● TASK:
Emit a verbatim copy of the lines below from the line with "Poetic Justice Womens" through the line with "Photo of Tasty", excluding pictures and everything outside that range.

● EXTRACTED ENTRIES:
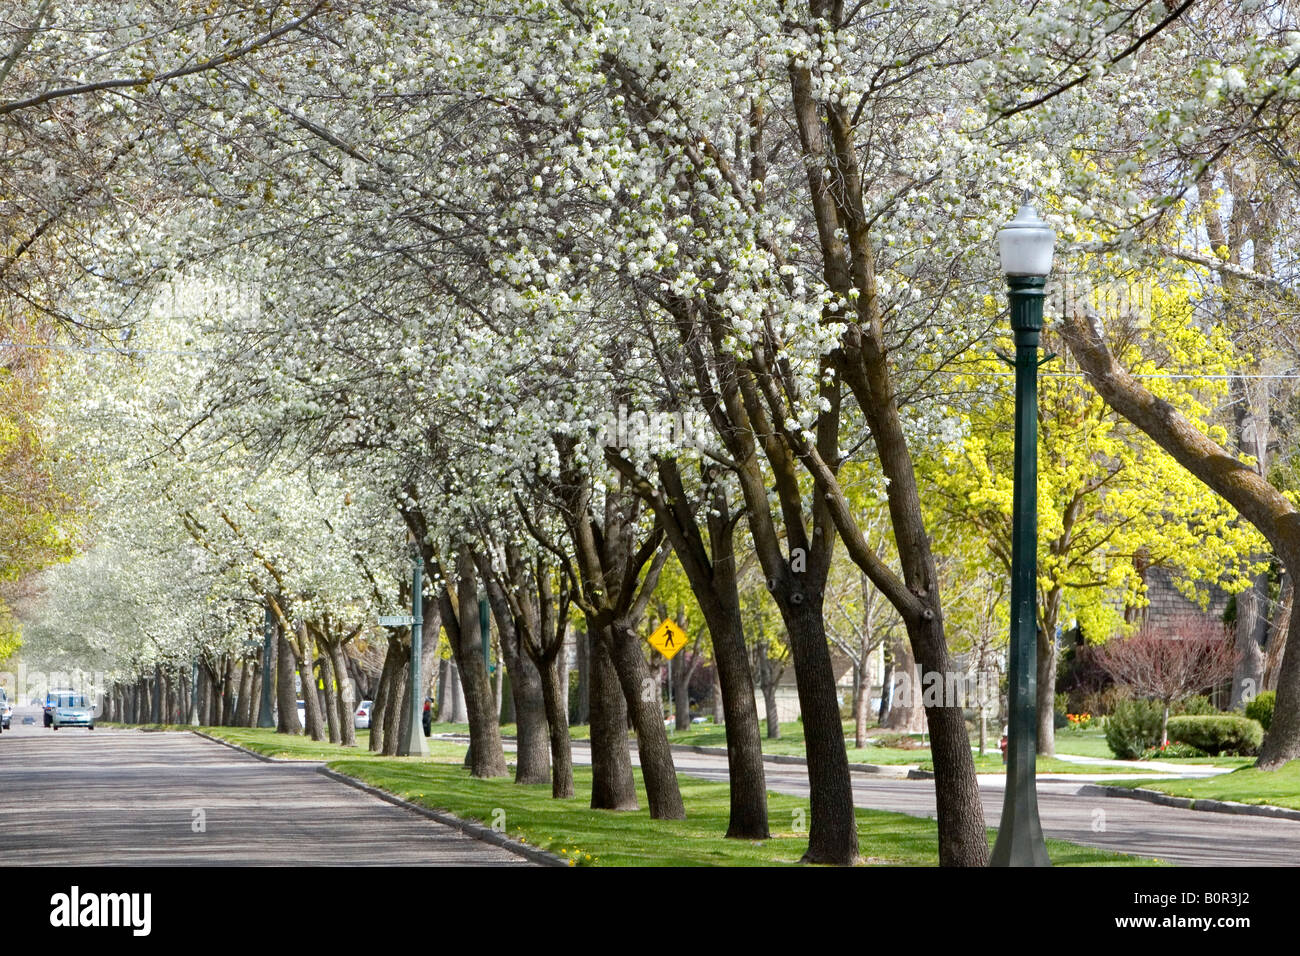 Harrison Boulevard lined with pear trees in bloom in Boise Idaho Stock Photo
...
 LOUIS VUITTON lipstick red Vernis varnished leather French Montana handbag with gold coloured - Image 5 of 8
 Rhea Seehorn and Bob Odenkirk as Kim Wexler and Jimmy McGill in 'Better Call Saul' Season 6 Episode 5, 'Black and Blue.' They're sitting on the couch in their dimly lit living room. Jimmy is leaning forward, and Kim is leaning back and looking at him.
* * *
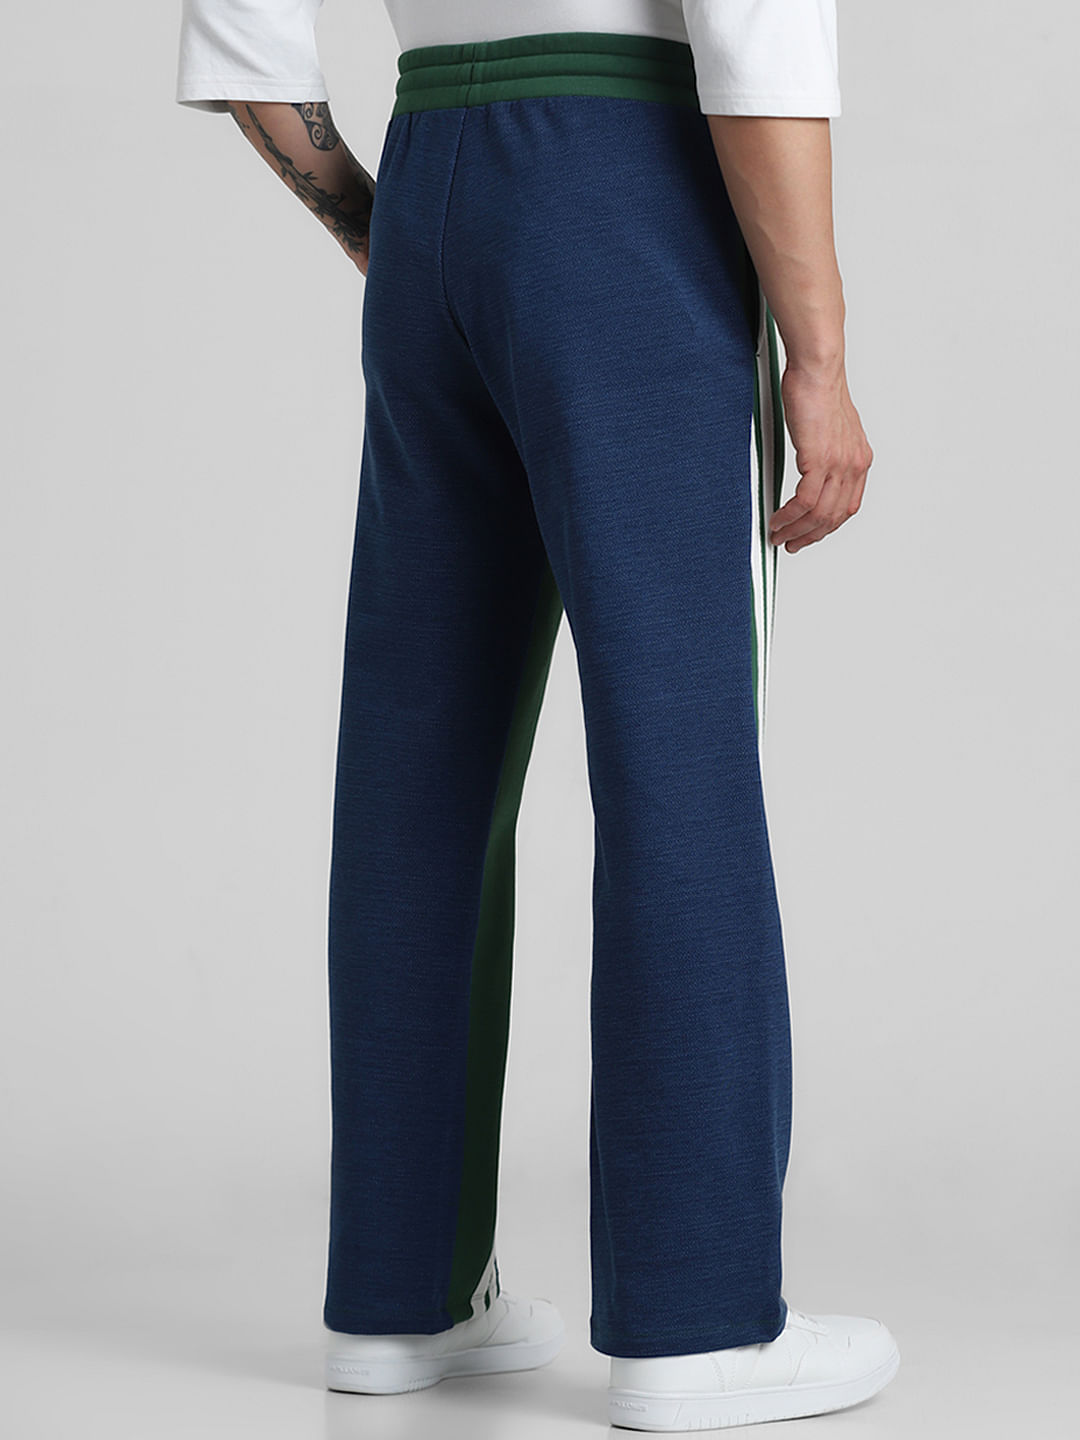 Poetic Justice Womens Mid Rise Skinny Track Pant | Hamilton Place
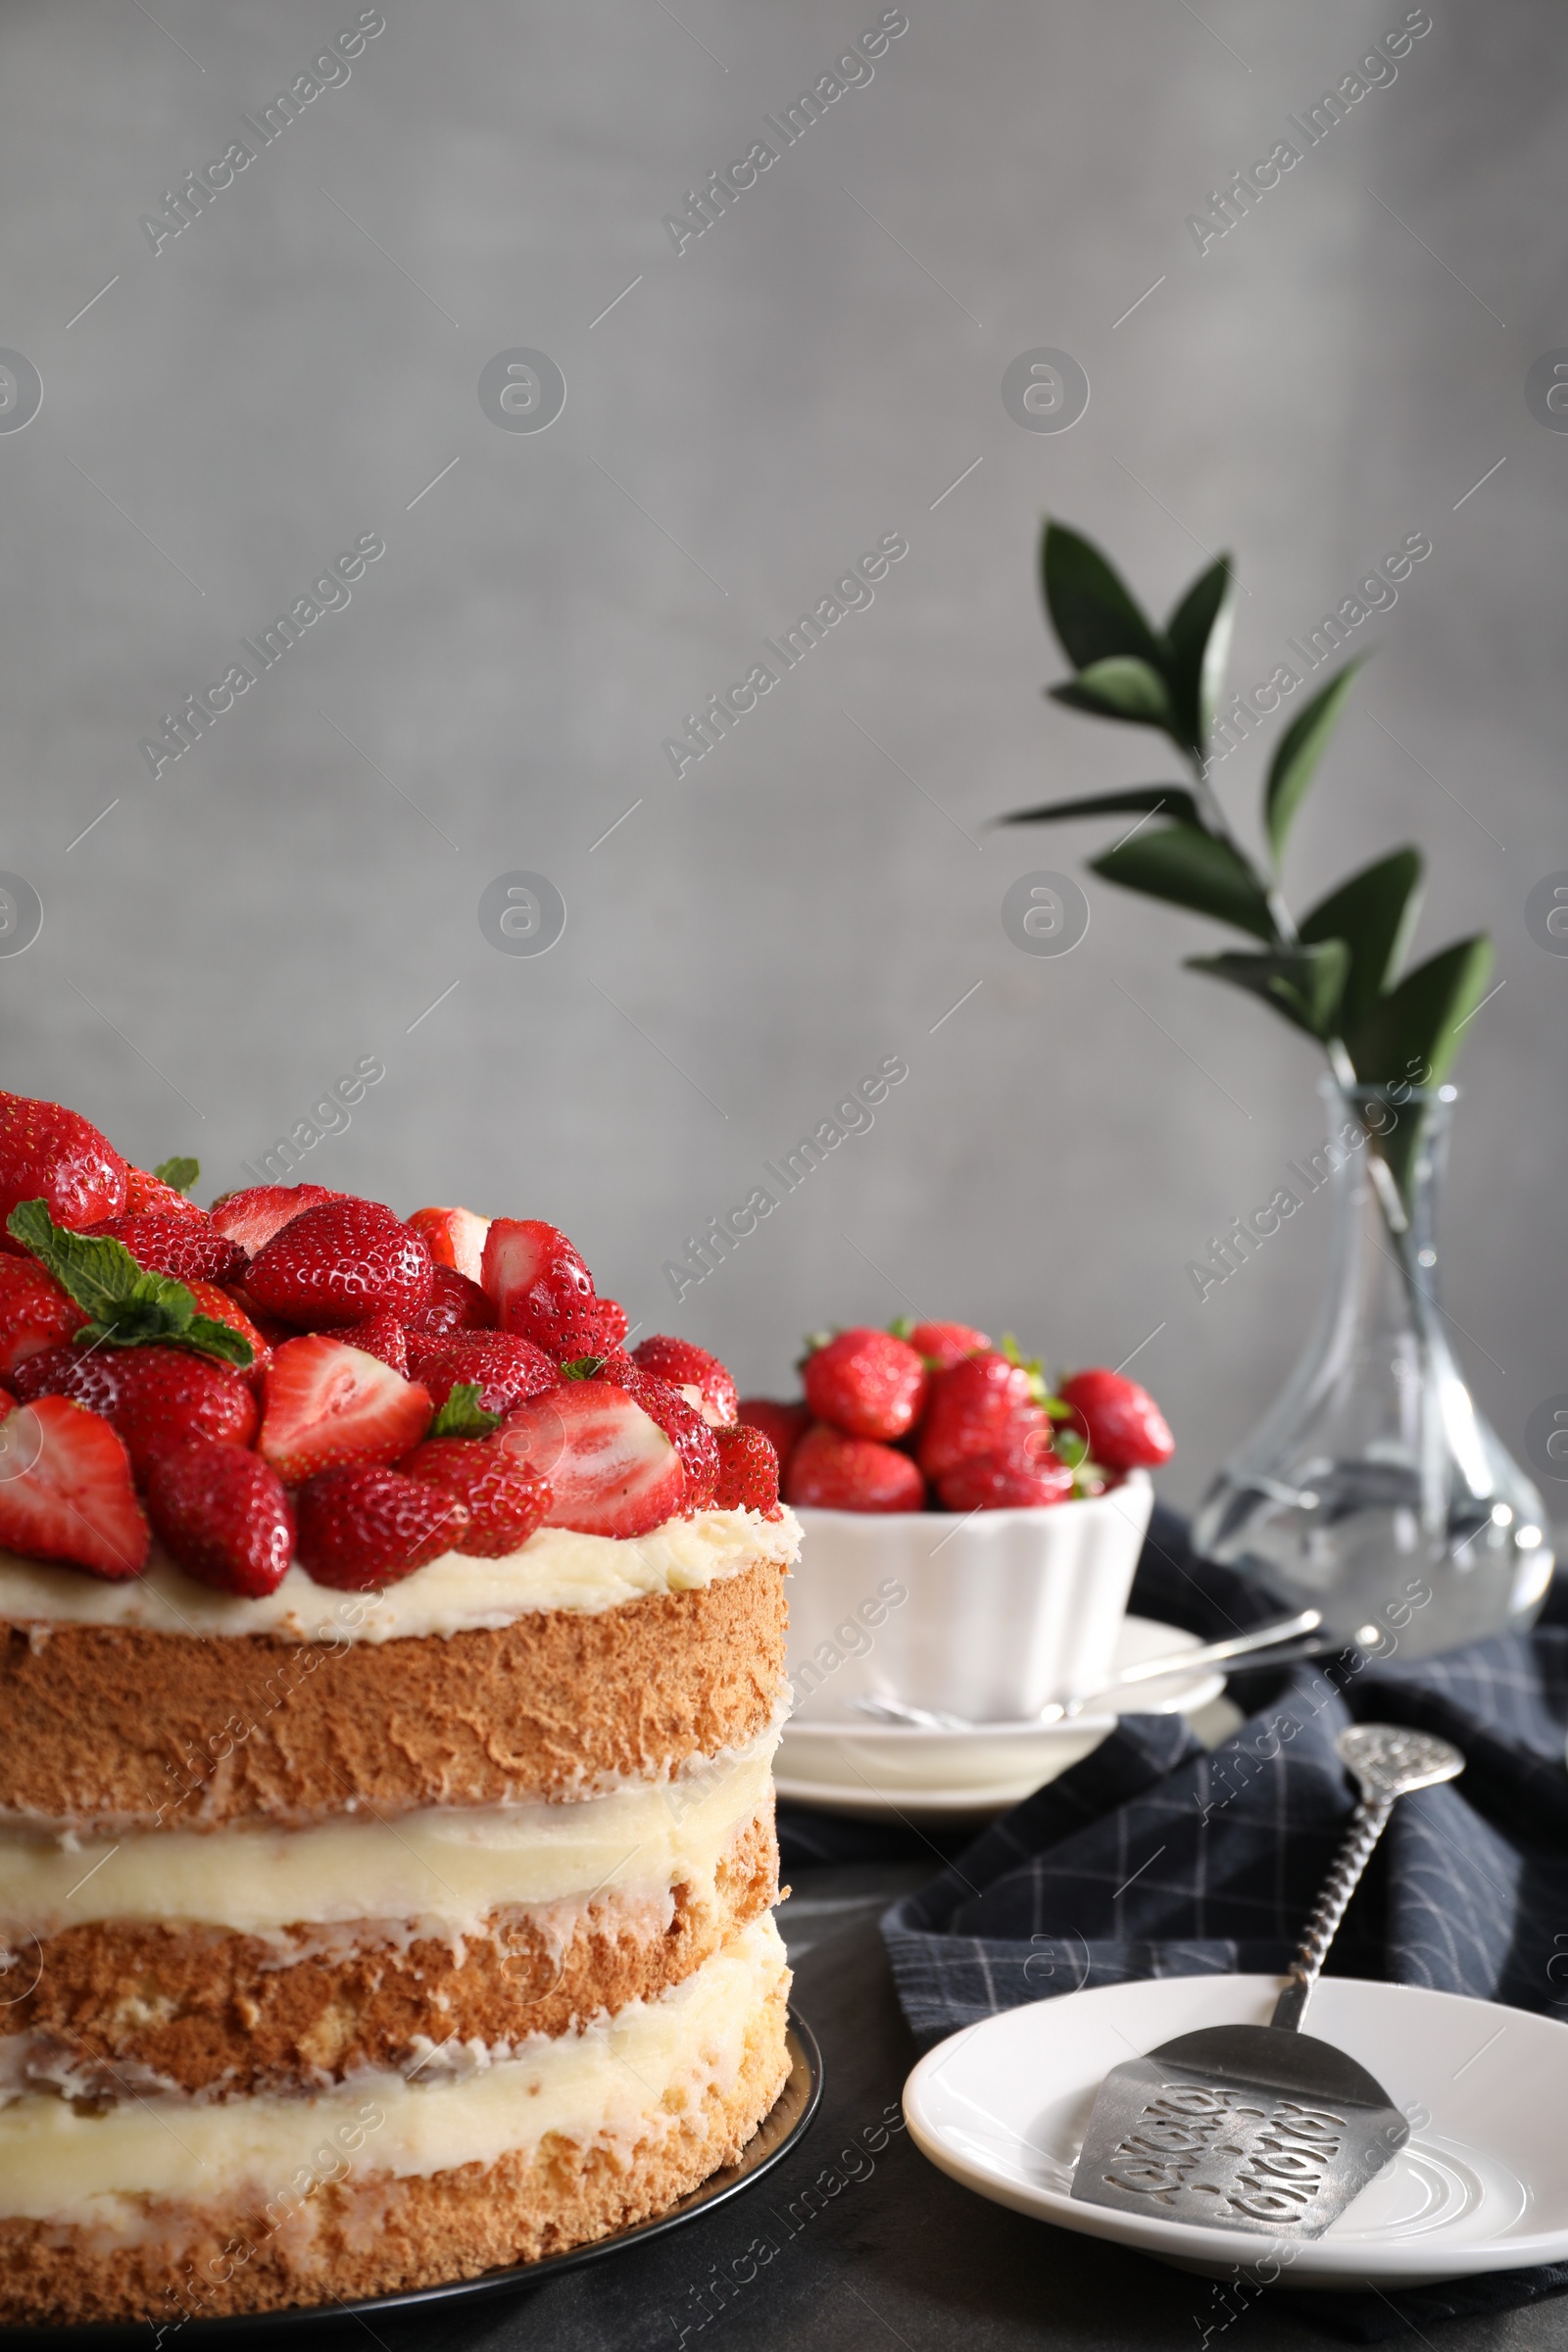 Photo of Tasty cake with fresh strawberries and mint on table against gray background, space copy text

● TASK SOLUTION:
 Poetic Justice Womens Mid Rise Skinny Track Pant | Hamilton Place
 Photo of Tasty cake with fresh strawberries and mint on table against gray background, space copy text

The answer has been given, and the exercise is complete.